アラートルールを使用してプロジェクト、リージョン、またはAlibaba Cloudアカウント全体のデータを監視するには、Simple Log Serviceがリソースアクセス管理 (RAM) ロールを引き受けて、必要なLogstoreまたはMetricstoreにアクセスする必要があります。 したがって、RAMロールに適切な権限を付与する必要があります。
シナリオ
承認方法 | 該当するシナリオ |
デフォルト | プロジェクト用に設定されたアラートルールを使用して、プロジェクトのさまざまなLogstoreおよびMetricstoreのデータを監視する場合は、デフォルトの承認方法を使用できます。 |
組み込みロール | プロジェクト用に設定されたアラートルールを使用して、同じAlibaba Cloudアカウント内の別のプロジェクトのLogstoreおよびMetricstoreのデータを監視する場合、組み込みロールをSimple Log Serviceに割り当てることができます。 |
カスタムロール | アラートルールを使用してAlibaba Cloudアカウント全体のデータを監視する場合、Simple Log Serviceにカスタムロールを割り当てることができます。 この場合、RAMロールにきめ細かい権限を付与できます。 |
ステップ1: 承認の設定
クエリ文を指定します。 詳細については、「アラートルールの作成」をご参照ください。
承認方法を設定します。
デフォルトの権限付与
アラートルールを使用して同じプロジェクト内のデータを監視するには、デフォルトの権限付与方法が適しています。

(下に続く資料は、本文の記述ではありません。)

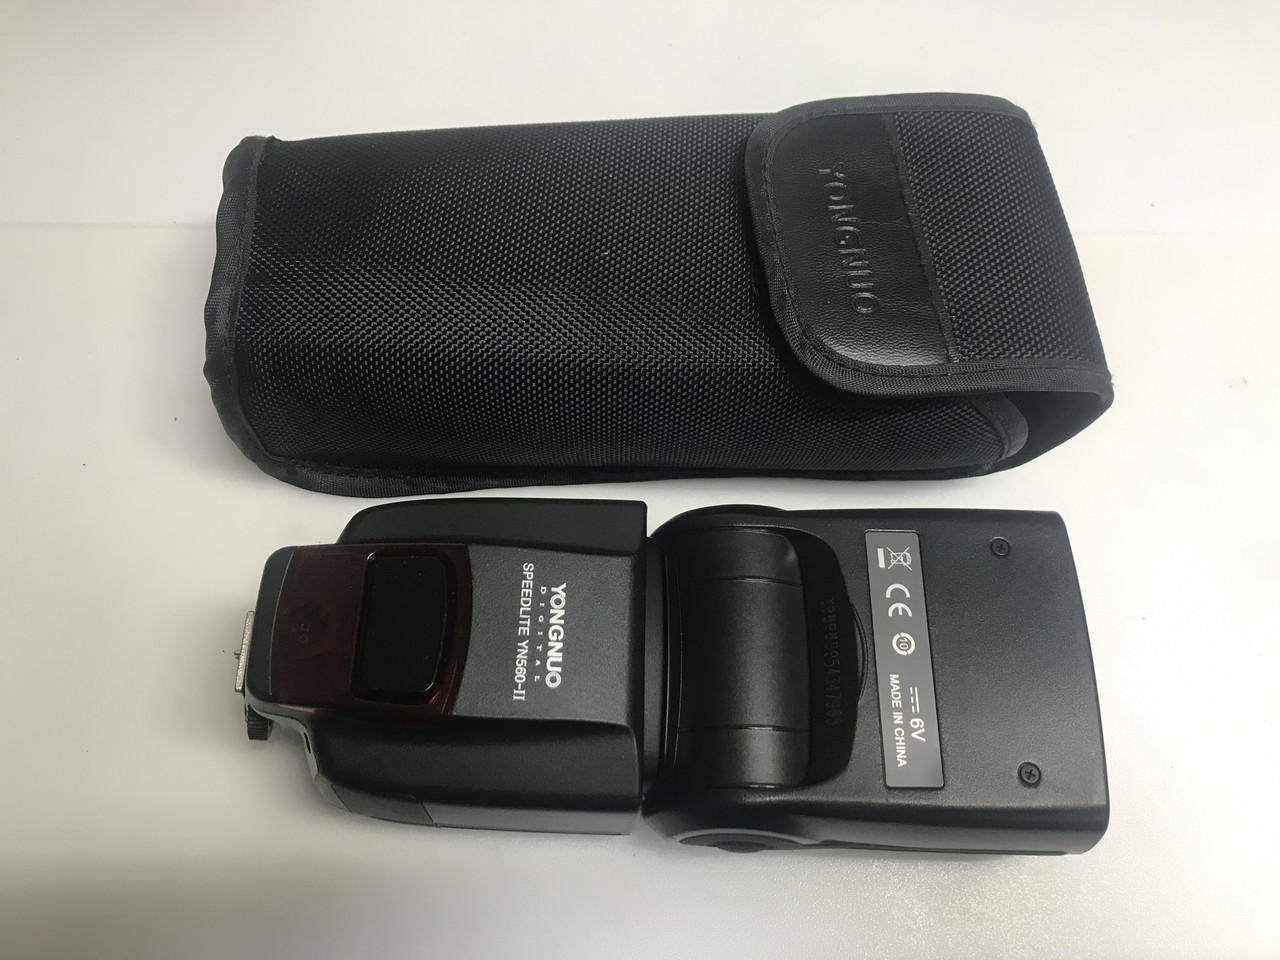 Спалах Yongnuo YN560-II Speedlite for Canon Nikon

[詳細設定] タブで、[権限付与方法] を [デフォルト] に設定します。
組み込みロール権限付与
同じAlibaba Cloudアカウント内の異なるプロジェクトのデータをモニタリングするには、組み込みロールをSimple Log Serviceに割り当てます。
[詳細設定] タブで、[権限付与方法] を [組み込みロール] として選択します。 これを初めて設定する場合は、Alibaba Cloudアカウントを使用してページのプロンプトに従って承認を完了します。 承認後、Simple Log Serviceは
AliyunSLSAlertMonitorRoleという名前のRAMロールを作成し、ソースLogstoreからデータを読み取ることを想定します。
カスタムロール権限付与 (アカウント内)
複数のAlibaba Cloudアカウント間でデータをモニタリングするには、カスタムロールをSimple Log Serviceに割り当てます。
Alibaba Cloud Serviceを信頼できるエンティティとしてRAMロールを作成し、信頼できるサービスとしてSimple Log Serviceを選択します。
カスタムポリシーを作成します。 [JSON] タブで、エディターの既存のコンテンツを次のスクリプトに置き換えます。 詳細については、「」をご参照ください。スクリプト編集モードでカスタムポリシーを作成する.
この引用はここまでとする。